Несколько времени Манчино лежал с закрытыми глазами и молчал, хрипло и тяжело дыша. Потом, когда дыхание успокоилось он открыл глаза. Лихорадка отпустила, и из слов его было ясно, что он понимает, каково его состояние.
- Je m'en vais en pays loingtain11, - сказал он и, прощаясь, протянул к друзьям руки. - Прошу вас, оплачьте со мною мои безвозвратно ушедшие дни, как ткацкий челнок проворно мелькнули мимо они. Если б мне было дано принять смерть у турок или у язычников, ради торжества христианской веры, Господь бы с охотою простил мне мою грешную жизнь, и все святые и ангелы рая встретили бы мою душу ликующими псалмами и звуками виолы. А теперь я предстану пред судом Господним таков, как есть и был всю жизнь, - пьяница, игрок, бездельник, забияка, охотник до шлюх...
- Вершитель наших судеб знает, что ты совсем не такой, ты поэт, сказал Леонардо и взял руку Манчино в свою. - Но скажи мне ради всего святого, зачем тебе понадобилось связываться с этим Боччеттой?

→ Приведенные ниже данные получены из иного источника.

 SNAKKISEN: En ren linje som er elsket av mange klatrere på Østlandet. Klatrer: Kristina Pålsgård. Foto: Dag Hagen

- Всему есть причина. Познай се, и ты поймешь случившееся - не твои ли это слова, Леонардо? Я часто слышал их от тебя, - отвечал Манчино. - И разве мир не полон горечи и измены? Пришла тут ко мне одна, умоляла и плакала, не ведая, как помочь своему горю, и если б она могла умереть от стыда и боли, то умерла бы прямо у меня на глазах. Так вот, я взял у нее из рук деньги и, влезши в окно, отнес их обратно к Боччетте, но сделал я это воистину как неуклюжий медведь, поднял шум и разбудил его, а он вообразил, что я пришел воровать. Если же ты, Леонардо, ищешь Иуду, я знаю точь в точь такого, какой тебе надобен. Не ищи более! Я нашел тебе Иуду. Правда, он положил в кошелек не тридцать сребреников, а семнадцать дукатов.
Манчино закрыл глаза, хватая ртом воздух.
- Коли я правильно понял, - заметил художник д'Оджоно, - он говорит о немце, который хотел стребовать с Боччетты семнадцать дукатов. Этот немец побился со мной об заклад на один дукат против двух, что взыщет свои деньги с Боччетты не мытьем, так катаньем, ибо он не из тех, кого можно нагреть на семнадцать золотых. А нынче он мне сообщил, что честно-благородно выиграл заклад, Боччеттины семнадцать дукатов у него в кармане, и что завтра утром он явится ко мне за проспоренной суммой. Так что придется нынче обивать пороги, обойти три-четыре дома, где у меня должники, - попытаюсь добыть дукат, в кошельке-то моем не более двух карлинов наберется.
- Неплохо бы взглянуть на этого немца, которого Манчино зовет Иудой, проговорил Леонардо. - И пусть он нам расскажет, как исхитрился получить с Боччетты свои денежки.
- Пить! - простонал Манчино.
- Об этом можно спросить самого Боччетту, - сказал органный мастер и, поднося к губам Манчино кувшин, другой рукой указал на дверь.